Main DocumentRoot: “/var/www/html”
Main ErrorLog: “/var/log/apache2/error.log”
Mutex default: dir="/var/lock/apache2" mechanism=fcntl
Mutex mpm-accept: using_defaults
Mutex watchdog-callback: using_defaults
Mutex rewrite-map: using_defaults
Mutex ssl-stapling-refresh: using_defaults
Mutex ssl-stapling: using_defaults
Mutex ssl-cache: using_defaults
PidFile: “/var/run/apache2/apache2.pid”
Define: DUMP_VHOSTS
Define: DUMP_RUN_CFG
User: name=“www-data” id=33
Group: name=“www-data” id=33


#6

Hi @walpi

you have 4 active certificates only with saveoursoil.us as domain name, three created yesterday:

https://transparencyreport.google.com/https/certificates?cert_search_auth=&cert_search_cert=&cert_search=include_expired:false;include_subdomains:false;domain:saveoursoil.us&lu=cert_search

And you have 3 active certificates only with www.saveoursoil.us as domain name, two created yesterday:

https://transparencyreport.google.com/https/certificates?cert_search_auth=&cert_search_cert=&cert_search=include_expired:false;include_subdomains:false;domain:www.saveoursoil.us&lu=cert_search

One of these is installed.

But you need one certificate with two names - www and non-www.
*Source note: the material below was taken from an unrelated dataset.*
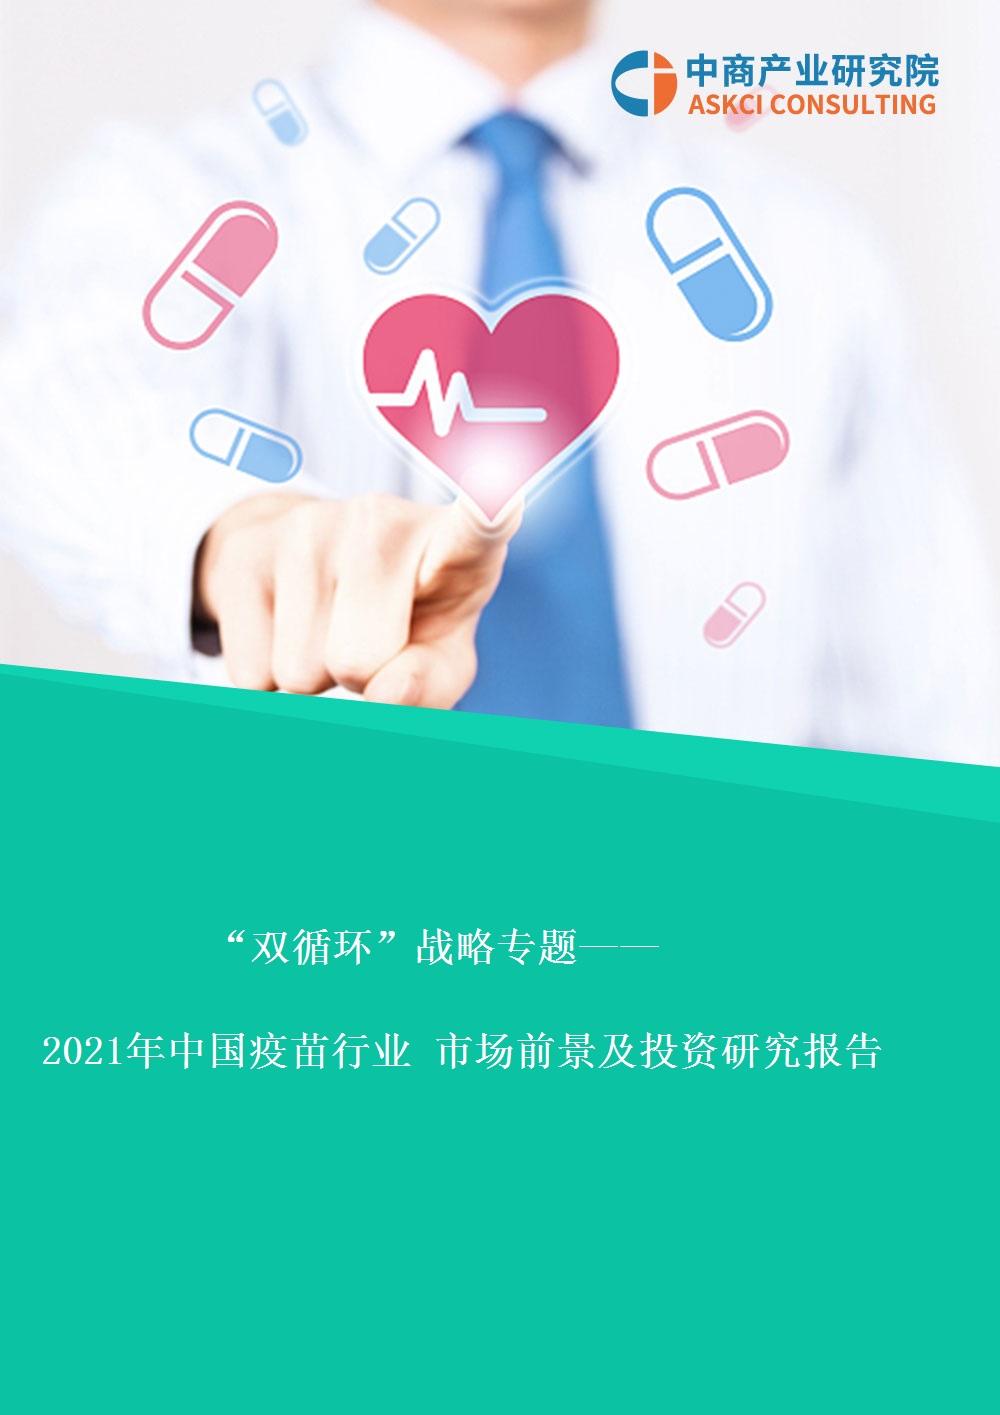 """""""双循环""""战略专题—— 2021年中国疫苗行业市场前景及投资研究报告"""

And you use the - deprecated - tls-sni-01 - validation. This may not work if you create a new certificate. So switch to http-01:

All other things are looking good. So try something like

certbot --apache -d saveoursoil.us -d www.saveoursoil.us --preferred-challenges http

to get one certificate with two names.


#7

That took care of it. Thank you!


#8

Yep, now you have the correct certificate with two domain names:

DNS-Name: saveoursoil.us
DNS-Name: www.saveoursoil.us

But there is a mixed content warning you should fix: Use FireFox or Chrome, then CTRL + Shift + I, this opens the console. There you can find links loaded per http, not per https.

http://saveoursoil.us/wp-content/uploads/2018/09/Maler_der_Grabkammer_des_Sennudem_001_maintenance.jpg

Change them to https.


#9

This topic was automatically closed 30 days after the last reply. New replies are no longer allowed.